Am Kriegsende waren 85 % der Rostocker Wohnungen und 42 % der gewerblich genutzten Gebäude zerstört oder beschädigt. Unter anderem lagen in Trümmern oder waren schwer beschädigt: die Medizinische Klinik (Gertrudenplatz), Gas- und E-Werk, Post- und Telegrafenamt, Amtsgericht, Oberlandesgericht, Landratsamt, acht Schulen (u. a. Blücher-, Borwin- und Sieben-Linden-Schule), das Stadttheater, vier Pfarrkirchen (St. Jakobi, St. Nikolai, St. Petri, Christuskirche (Schröder-Platz)). Die Geschlossenheit der Straßenzüge und Plätze, das was den Charakter der hanseatischen Hafenstadt ausgemacht hatte, war zerstört. Ein großer Teil der Einwohner war in die nahe und weitere Umgebung Rostocks evakuiert worden. Es gab noch 60.000 Einwohner in Rostock.
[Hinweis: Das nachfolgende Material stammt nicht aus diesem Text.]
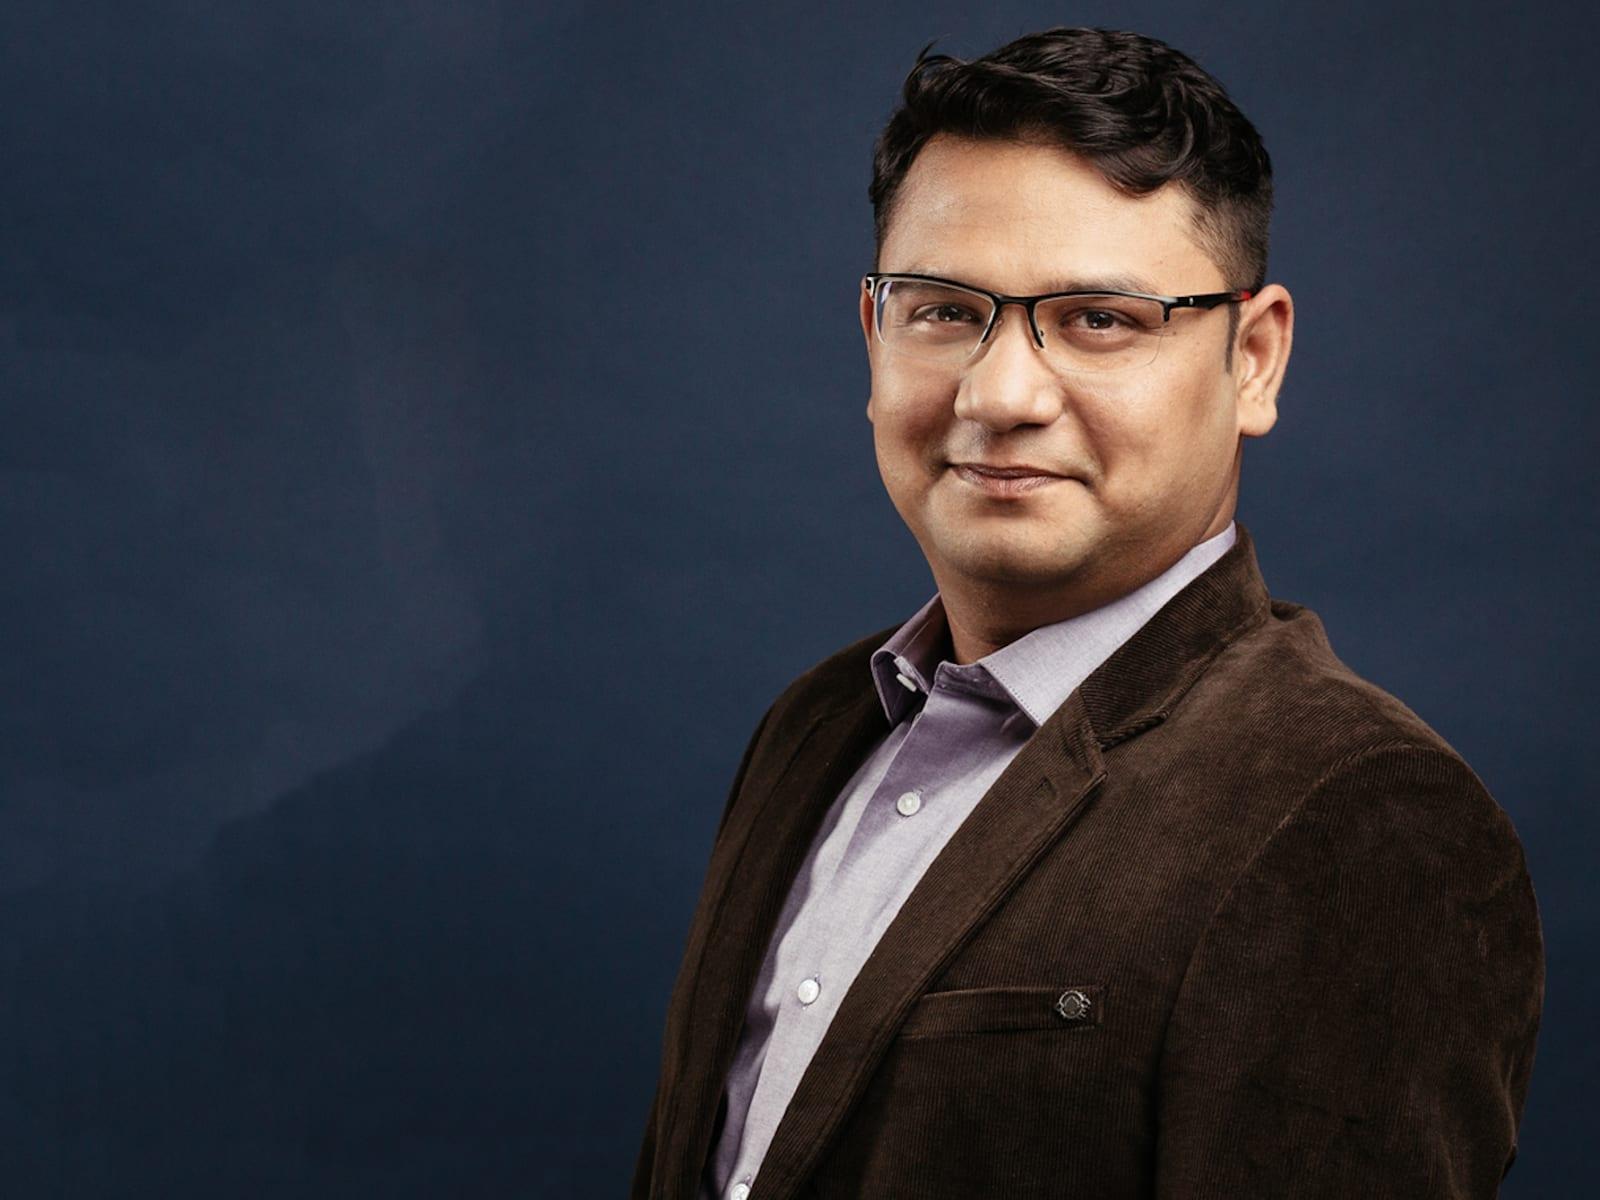 Zeotap's Guru Patnaik On How Organisations Can Close The Cyber Security Gap

Am 1. Mai 1945 wurde Rostock kampflos durch die Rote Armee besetzt.[15]

Opfer, Begräbnis- und Gedenkstätten

Die Luftkriegsopfer aus Rostock und Warnemünde verteilten sich auf die Kriegsjahre wie folgt: 4 Tote 1940, 41 Tote 1941, 223 Tote 1942, 130 Tote 1943 und 236 Tote 1944. Nachweislich insgesamt 617 Menschen verloren bei den Luftangriffen ihr Leben, darunter über 100 Fremdarbeiter und Kriegsgefangene. Im Mai 1942 wurde ein Ehrenhain auf dem Neuen Friedhof in Rostock angelegt, mit einem Gräberfeld mit Reihengräbern für die über 200 Bombenopfer alleine vom April 1942. Später erfolgten Zubettungen nach den weiteren Bombenangriffen. Das jetzt existierende Denkmal im Zentrum der Anlage symbolisiert zusammengestürzte Häuserwände mit den Namen der Opfer.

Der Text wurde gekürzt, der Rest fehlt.